Source material START

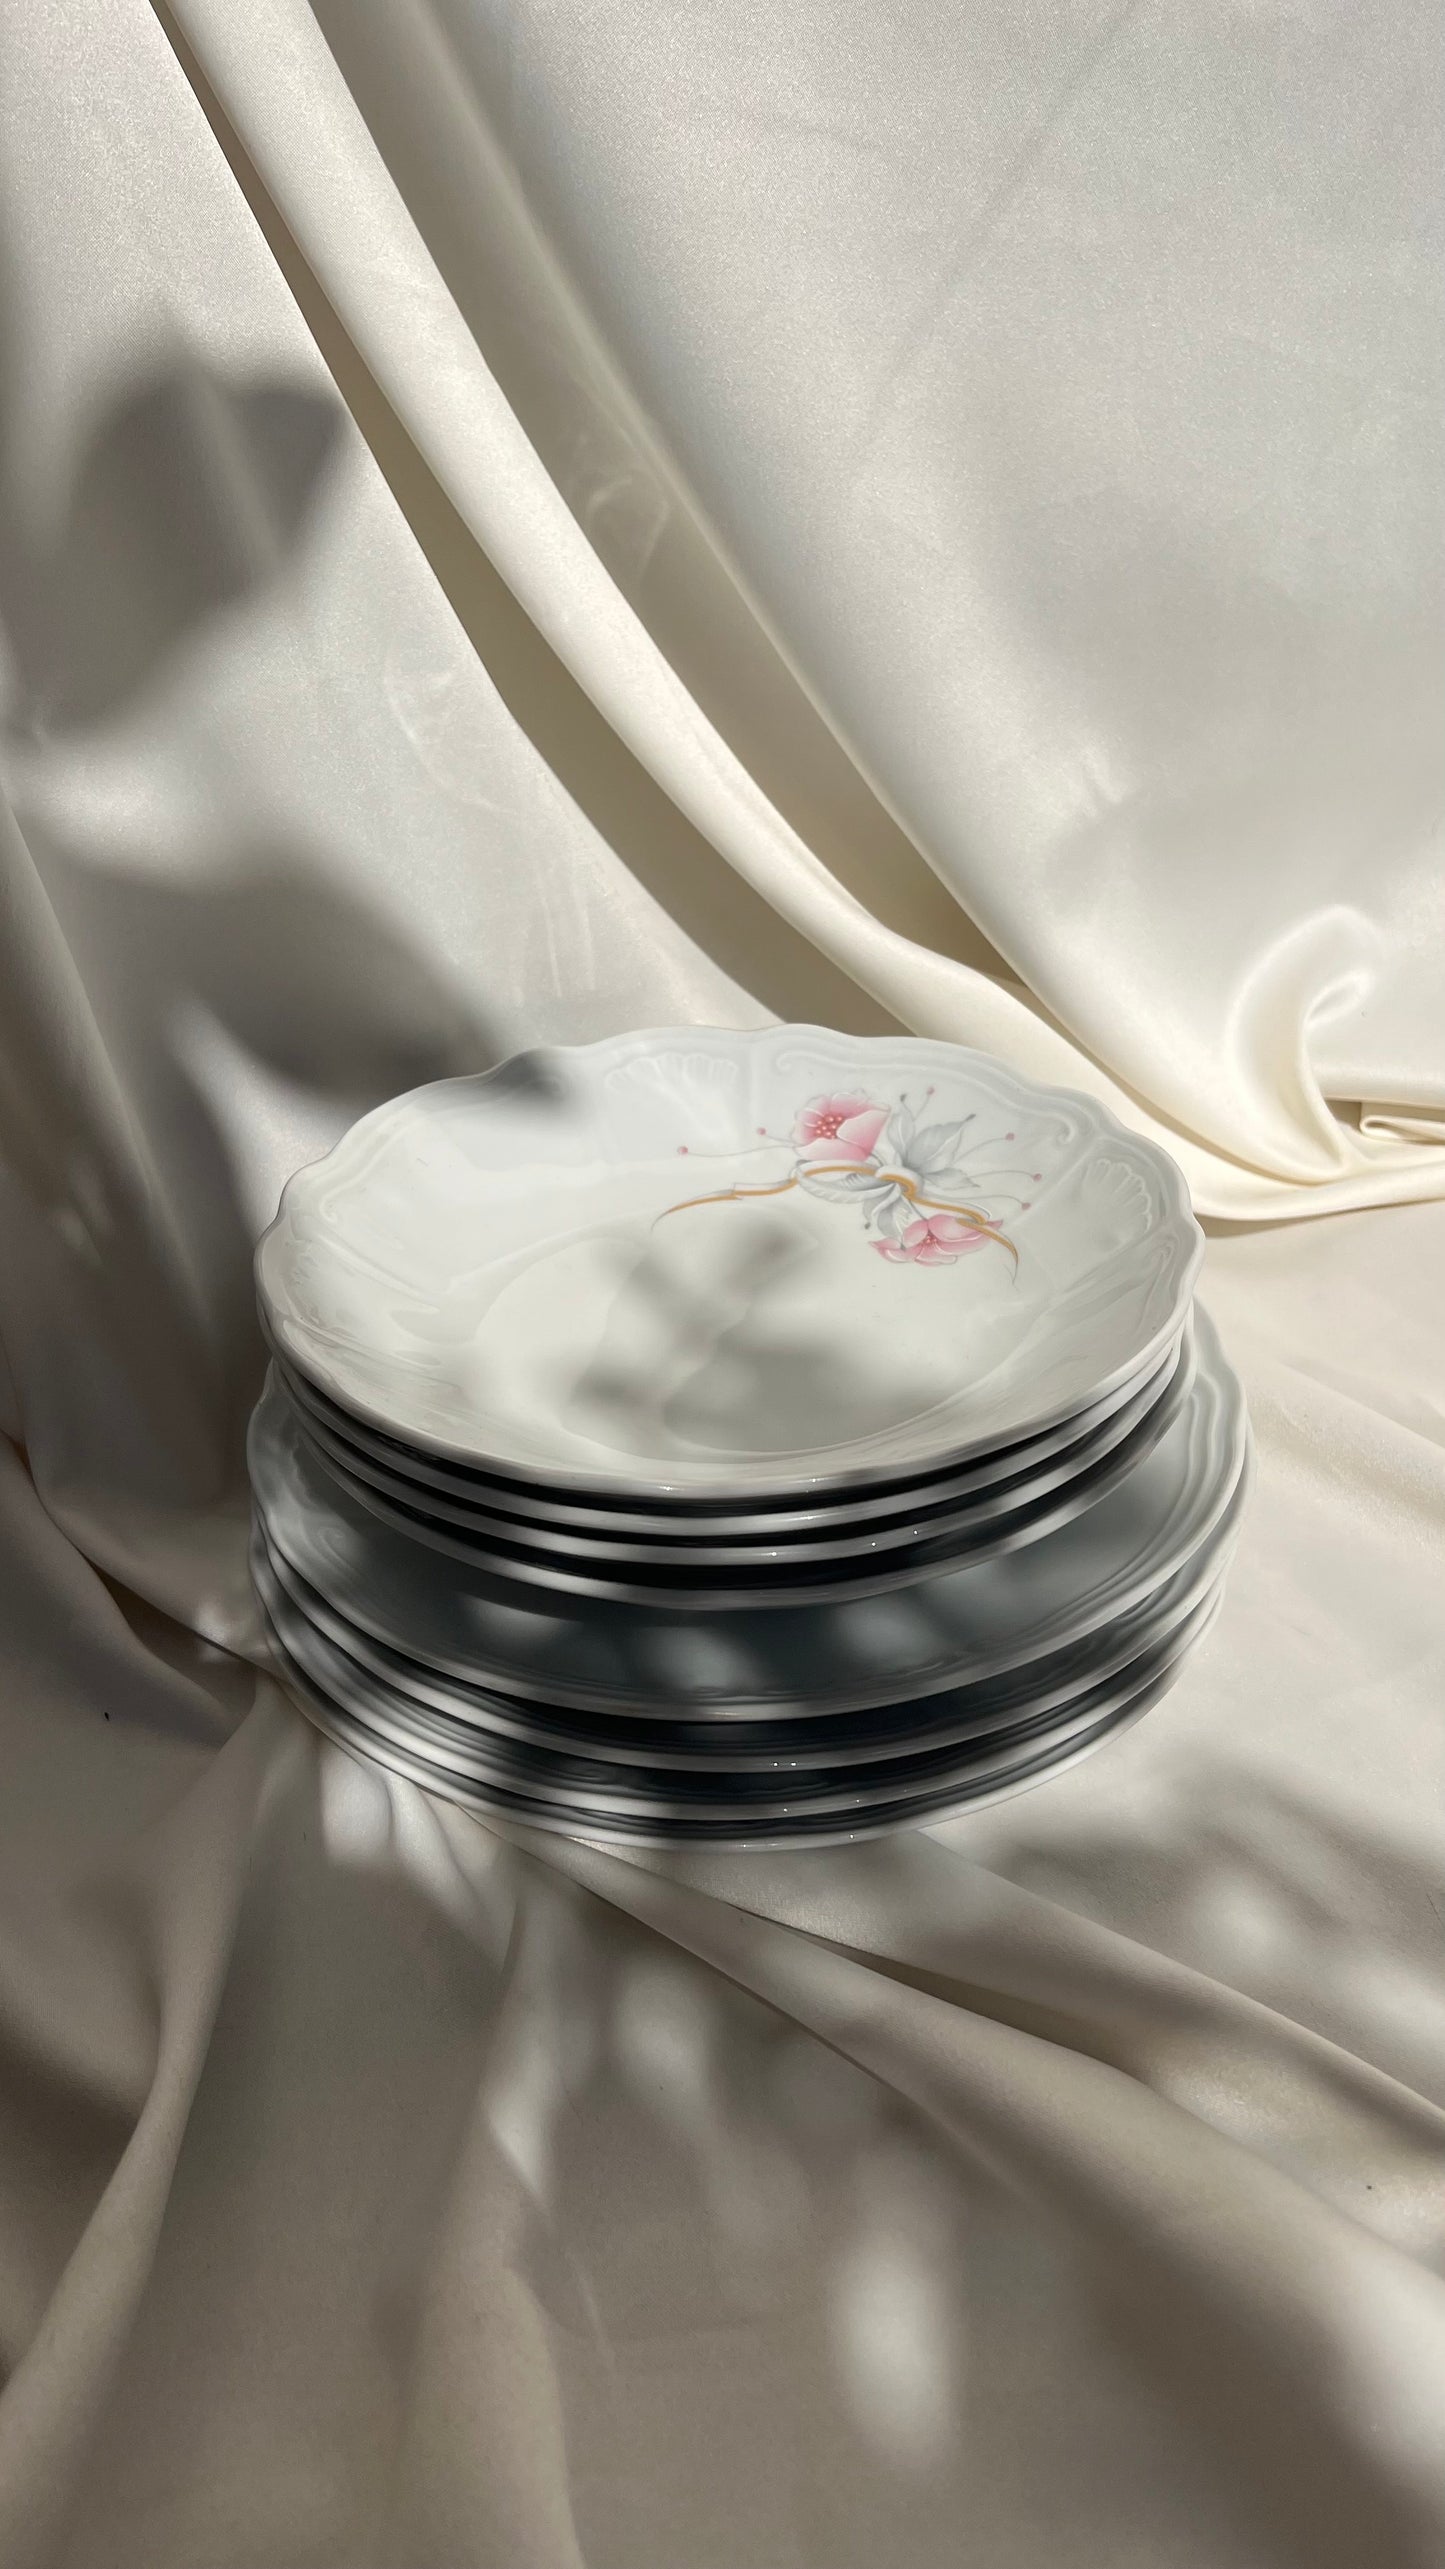 Wensiedel Bavarian porcelain | וונסידל בוואריה פורצלן
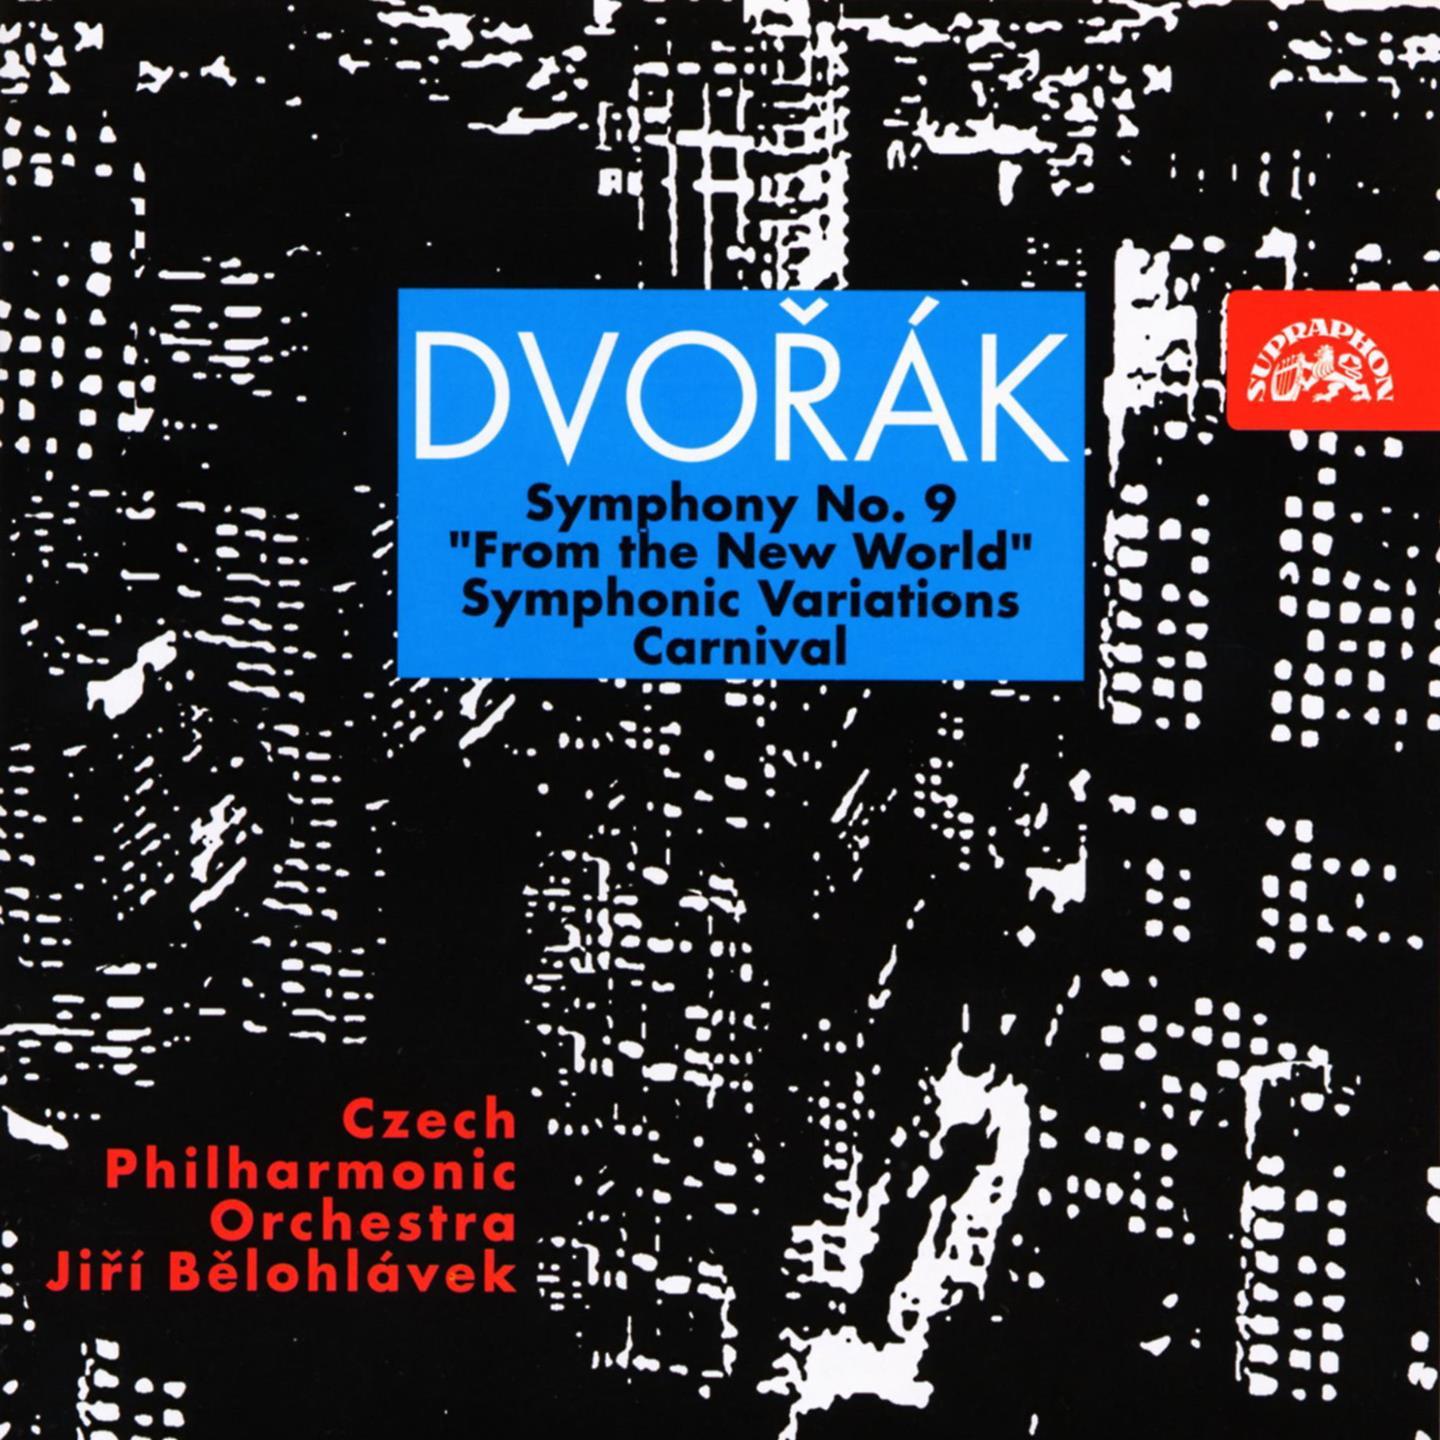 Dvoa k: Symphony No. 9 " From the New World", Carnival, Symphonic Variations
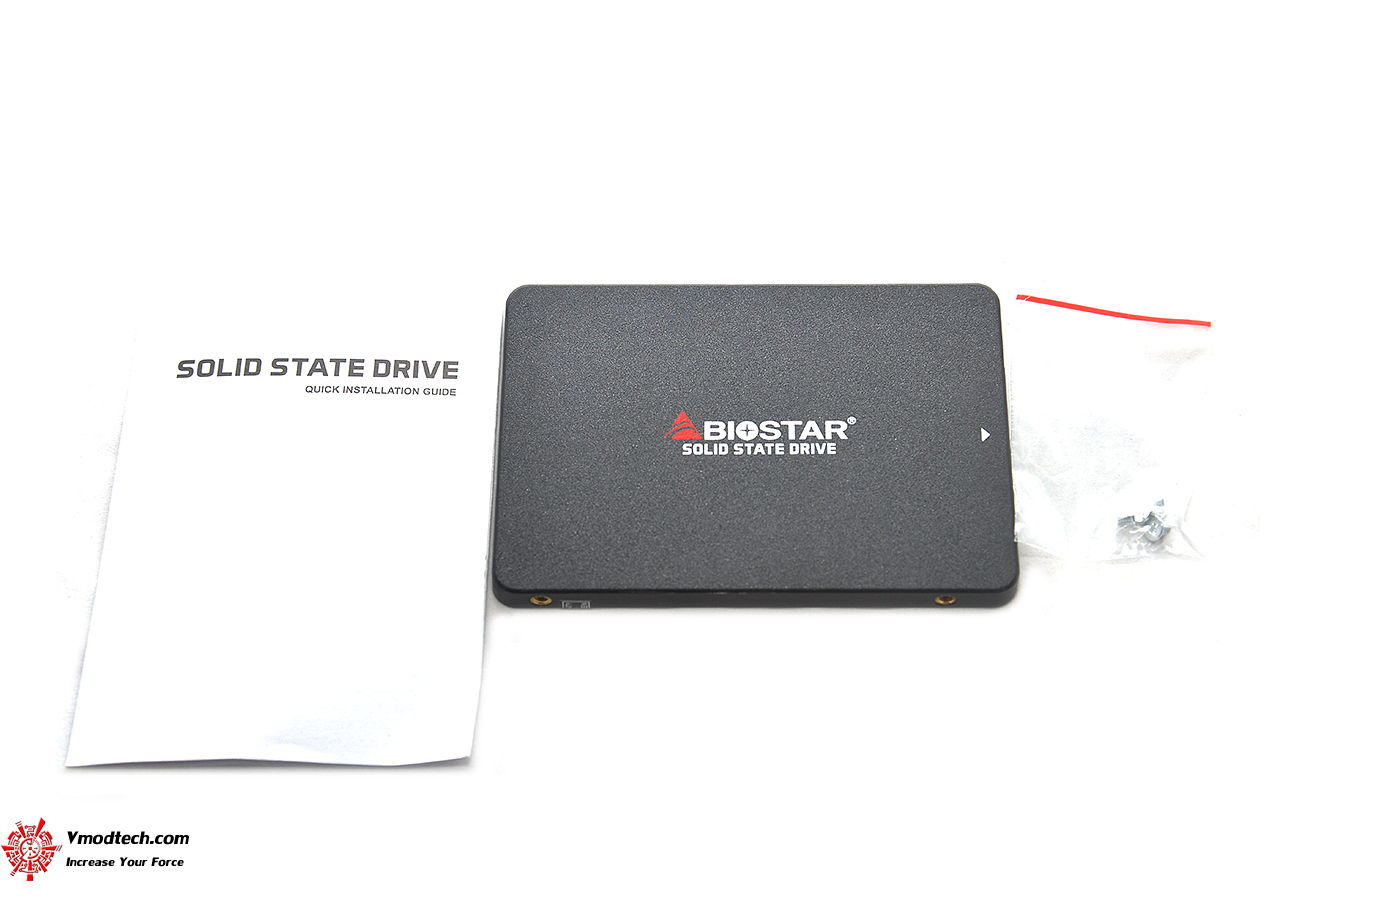 dsc 9913 Biostar SSD S130 512GB Review

Source material END

▶ [Required work]:
Every line of the data above should be returned exactly, with the pictures removed.

▶ [Solved problem]:
 Wensiedel Bavarian porcelain | וונסידל בוואריה פורצלן
 Dvoa k: Symphony No. 9 " From the New World", Carnival, Symphonic Variations
 dsc 9913 Biostar SSD S130 512GB Review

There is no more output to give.